Rigid control of quality and grade designations by India Coffee Board, an agency of the Government of India, ensures the export of only the finest and the most aromatic of India’s hand-picked coffee beans.

Encouragement for the local coffee industry comes not only from the Coffee Board of India, but from nonprofit bodies such as the India Coffee Trust that are working towards fortifying and intensifying these efforts.

“The India Coffee Trust is the result of a general consensus among the stakeholders of the Indian coffee industry to create a nonprofit organization that discusses and promotes Indian coffee,” Bhandari said. “Assisting the Trust with the objective of creating a wider global outreach and visibility of India’s fine Shade Grown coffees is the Indian Coffee Collective.
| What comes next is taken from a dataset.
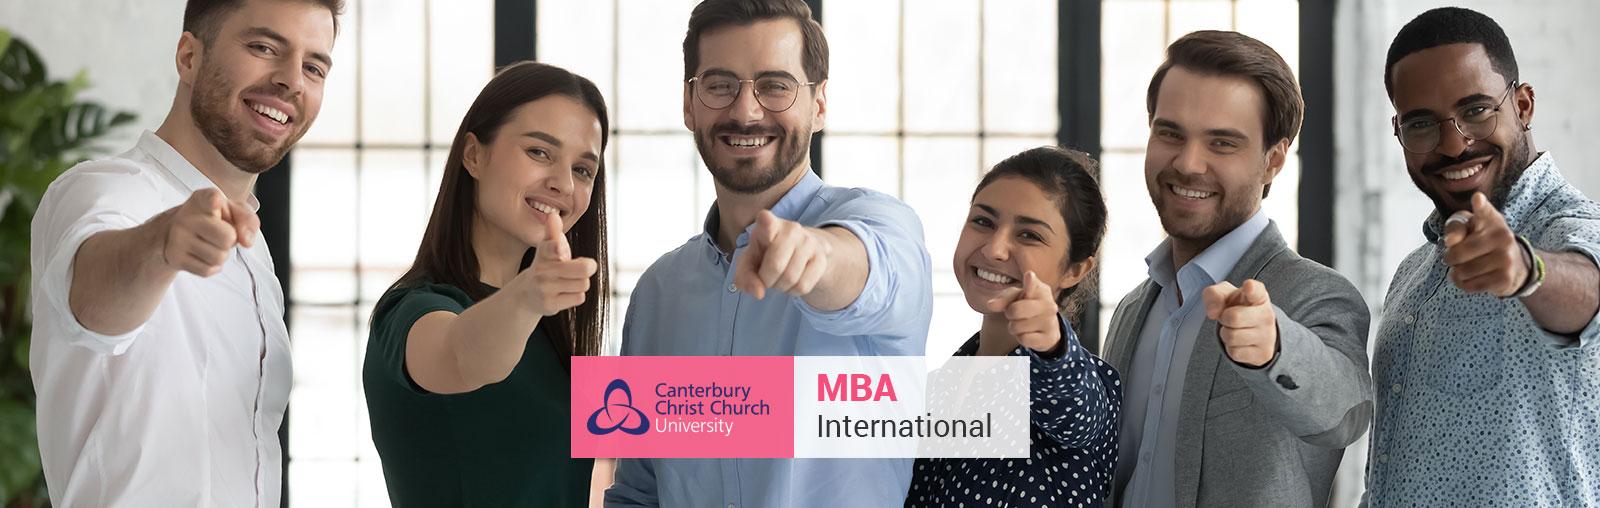 MBA International | CCCU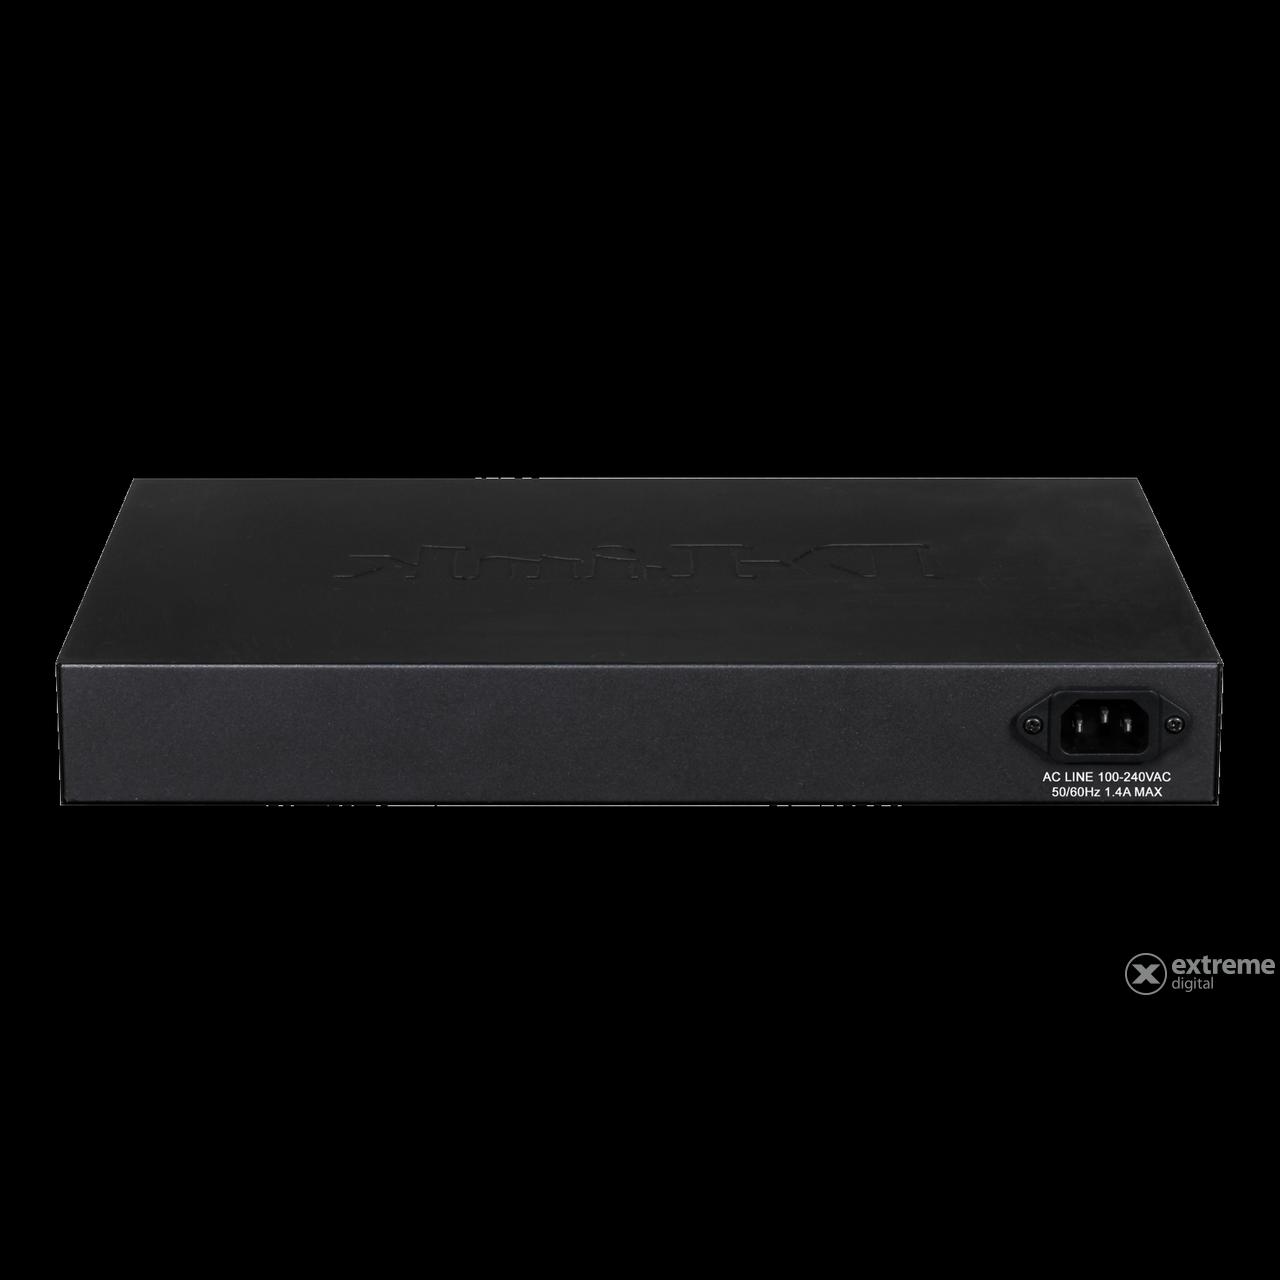 D Link 16 Port 10 100 1000 Mbps Gigabit Smart Switch 4 Sfp Porttal Dgs 1210 E

Together, our primary mandate is to promote India’s shade-grown coffees and it’s long standing history with the humble brown bean.”

With a goal of raising awareness around preserving and promoting the values of coffee culture in India, the India International Coffee Festival — jointly organized by the India Coffee Trust and Coffee Board of India — took place in Bengaluru in January 2018. The four-day attracted more than 5,000 local, national, and international visitors.

The next festival is scheduled for 2020. Time will tell where Indian coffee will be by then.



Leonie Elliss

A very interesting article, thank you. I’m researching some family history for a friend who believes he has ancestors who grew coffee in southern India in the 19thC. Comments and advice welcome.